The Lagrangian of~\eqref{eq:1} is 
\begin{equation*}
  \mathcal{L}(\vct{x},\mu) = \vct{x}^{\trans}\mtx{W}\vct{x} + \mu (\vct{x}^{\trans}\vct{x}-n),
\end{equation*}
and computing the gradient, we see that the minimizer satisfies
\begin{equation*}
  \mtx{W}\vct{x} = -\mu \vct{x}.
\end{equation*}
This is precisely the equation for eigenvalues and eigenvectors of $\mtx{W}$! 

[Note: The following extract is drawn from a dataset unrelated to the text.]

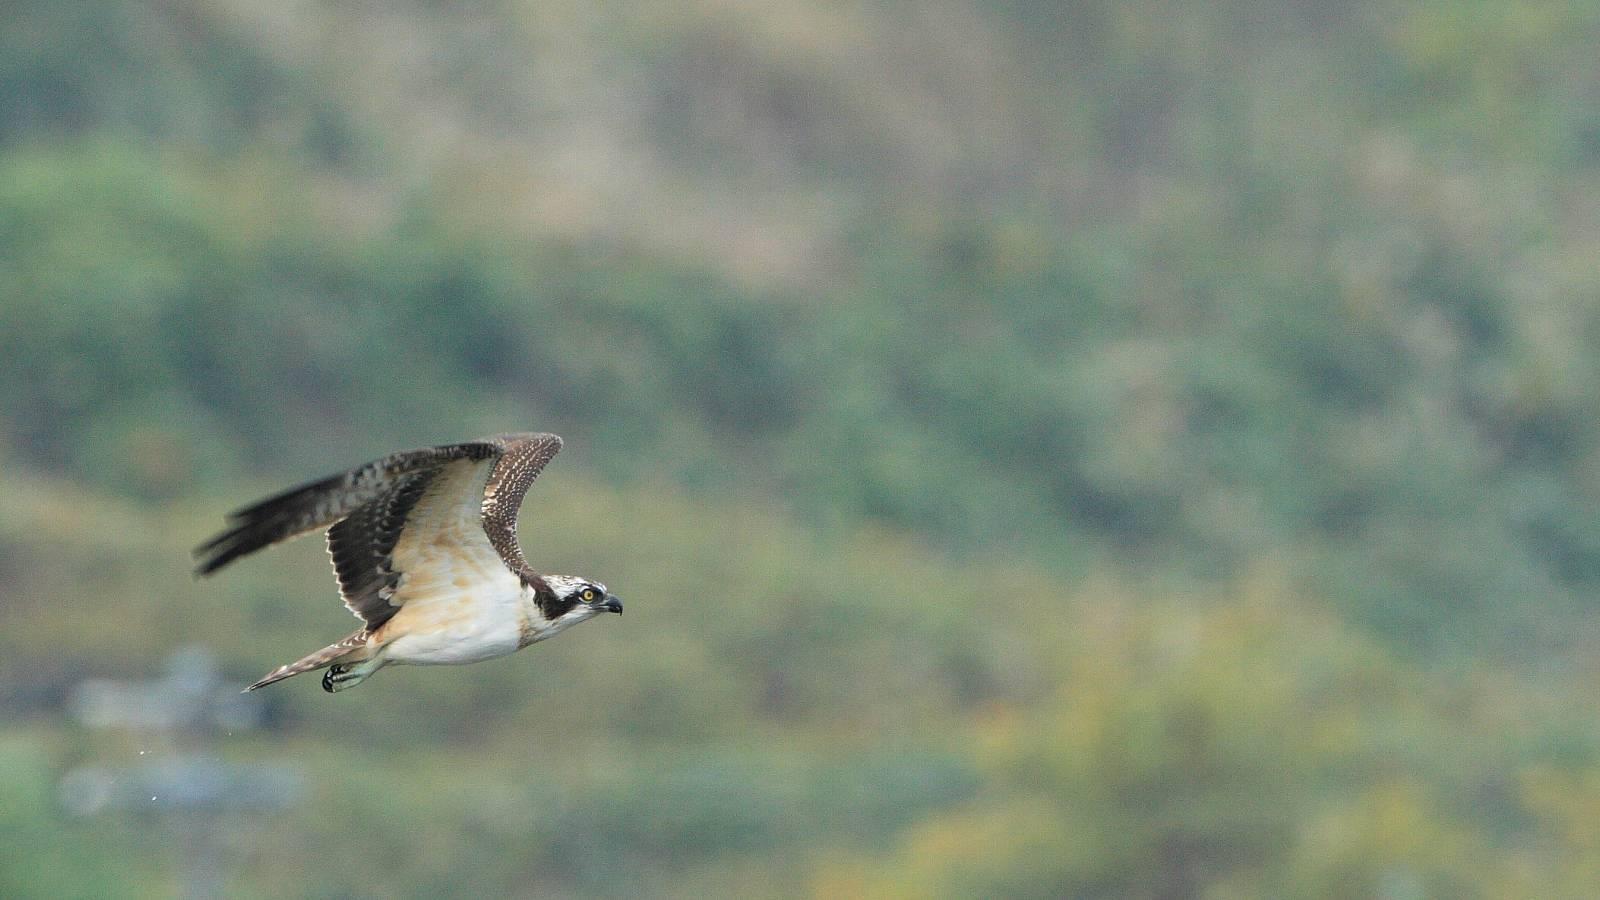 さまざまなミサゴの飛翔シーン(精悍で迫力満点の猛禽の飛び物壁紙)_f0105570_2244843.jpg
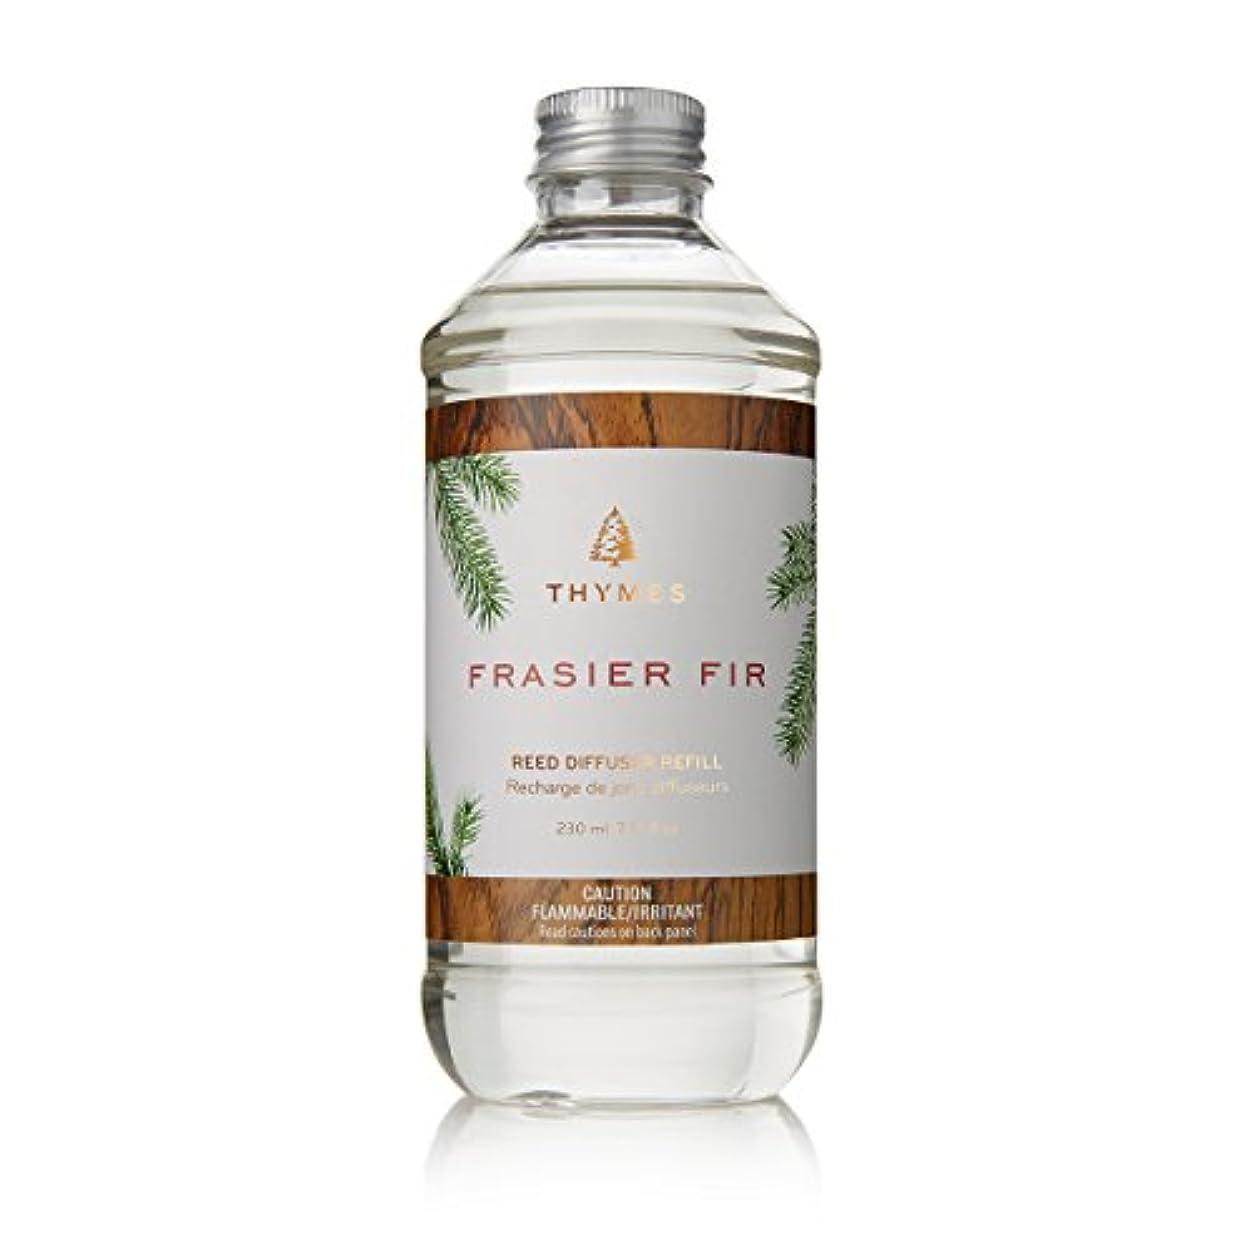 男やもめ子孫オッズThymes Fraiser Fir Reed Diffuser Oil Refill, 7.75 fl oz (230ml) by Thymes

If we multiply the first equation with $\vct{x}^{\trans}$ and replace the term $\vct{x}^{\trans}\mtx{W}\vct{x}$ in the Lagrangian with $-\mu\vct{x}^{\trans}\vct{x}$, then we get
\begin{equation*}
  g(\mu) = -\mu n.
\end{equation*}
The largest possible such $\mu$ is arrived at when $\lambda = -\mu$ is the smallest eigenvalue of $\mtx{W}$. Therefore, $g(\mu) \geq n \lambda_{\text{min}}(\mtx{W})$, and in particular the optimal value of~\eqref{eq:1} (and of the original problem) is bounded by this.
\end{document}